А учитывая ее теперешнее настроение, велика была вероятность того, что она расколотит это что-нибудь на мелкие щепки. Осознав это, она с раздраженным ворчанием бросила молоток на землю. Не в ее привычках крушить что-то в приступе злости. И она никогда не позволяет себе вспышек раздражения, если что-то выходит не так, как ей хотелось бы.

Но ей-богу – лондонский сезон?!

– Взрослые мужчины и женщины, красующиеся друг перед другом, как стая павлинов, – проворчала она.

Она презирает павлинов. Как-то раз они с отцом гостили в большом загородном особняке, где проводился один из тех редких приемов, на которых допускали детей – не приглашали, но позволяли присутствовать. Там было шесть павлинов, и каждый из них из кожи вон лез, чтобы перекричать и перещеголять другого. В ее представлении поведение представителей высшего света мало чем отличается от этого.

– Козы лучше, – заявила она Клер. – Умные, преданные, забавные – весьма практичные животные. Ты со мной согласна?

Клер мелкими шажками подбежала, чтобы понюхать молоток, затем, очевидно, придя к заключению, что он несъедобный, протопала назад и легла.

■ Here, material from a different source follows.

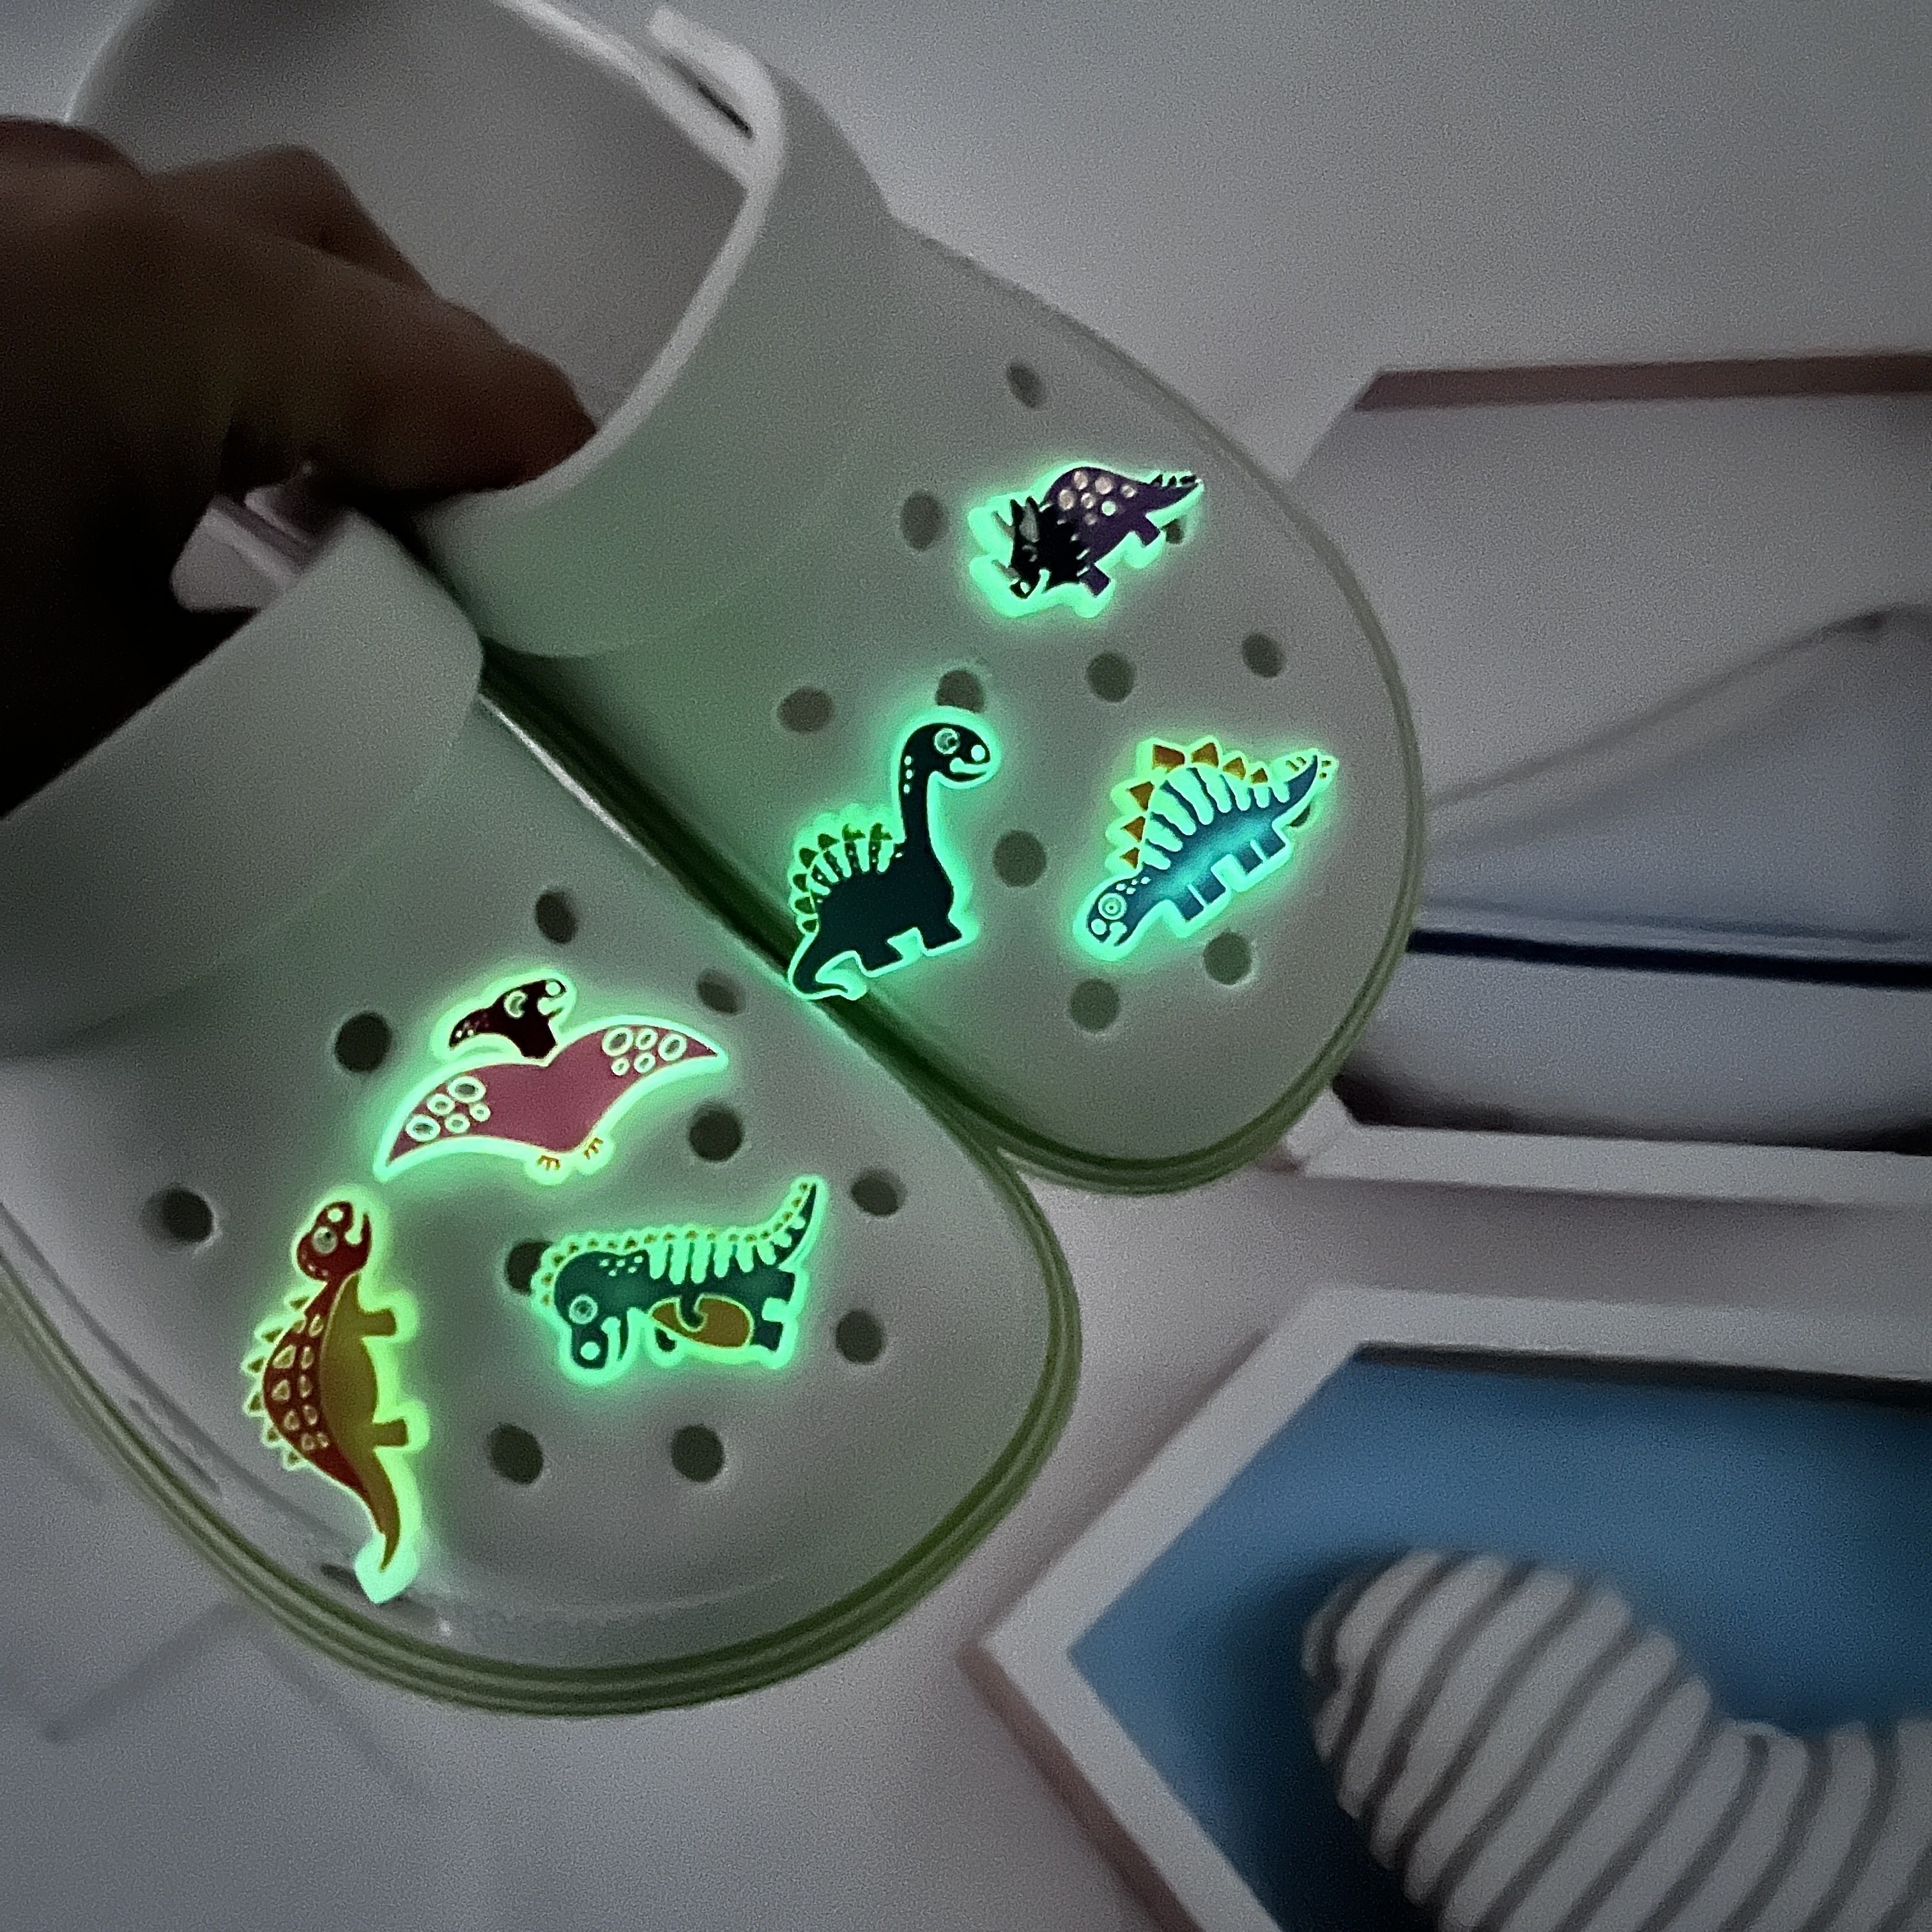 Shoe Charm For Crocs PVC Cute Cartoon Decoration Pin Anime Accessories Pack  Kids

– Во всяком случае, умнее павлинов, – пробормотала Уиннифред. Она наклонилась, чтобы погладить козу по голове, потом выпрямилась и повернулась лицом к мягкому ветерку. Она вдохнула теплый воздух, закрыла глаза и вспомнила ту давнюю поездку, когда они с Лилли прибыли в Шотландию. Она была тринадцатилетней девочкой, горюющей, напуганной и гадающей, какой холодный прием ожидает ее в конце путешествия. То, что прием может быть теплым, как-то не приходило ей в голову.

Никто никогда не был особенно рад видеть Уиннифред Блайт.

Отец в течение своих нечастых визитов между охотничьими вылазками в тех запущенных имениях, куда их в то время допускали, приветствовал ее с неизменным выражением недоумения и разочарования, словно никак не мог уразуметь, каким образом на его попечении оказалась маленькая девочка.

Гувернантки взирали на нее с нетерпением. Лорд Энгсли встретил ее с открытой враждебностью, а леди Энгсли – с фальшивыми улыбками в присутствии других и с нескрываемым презрением наедине. Даже Лилли поначалу – что и понятно – была подавлена неожиданно свалившимся на нее бременем заботы о новой подопечной.

Как-то отнесутся к ней хозяин и хозяйка Мердок-Хауса? Как к обузе? Как к незваной гостье? Как к чему-то, что надо терпеть или забыть? Придерживаясь мнения, что лучше быть забытой, чем презираемой, она надеялась на первое.

И в каком-то смысле ее желание исполнилось.

По приезде их никто не встретил. Их не ждало ничего, кроме заросших полей, заброшенных надворных построек и тихого каменного дома, в котором почти не было мебели.

Лилли в изумлении ходила из комнаты в комнату, словно ожидала, что кто-нибудь вдруг выпрыгнет из-за пыльных портьер и признается, что это была грандиозная шутка.

Но Уиннифред стояла на улице в свете заходящего солнца и слышала то, чего не слышала Лилли.

Приветствие тишины. Безмолвную мольбу о жизни. Что это за ферма без домашнего скота и урожая? Дом без света, звуков и голосов?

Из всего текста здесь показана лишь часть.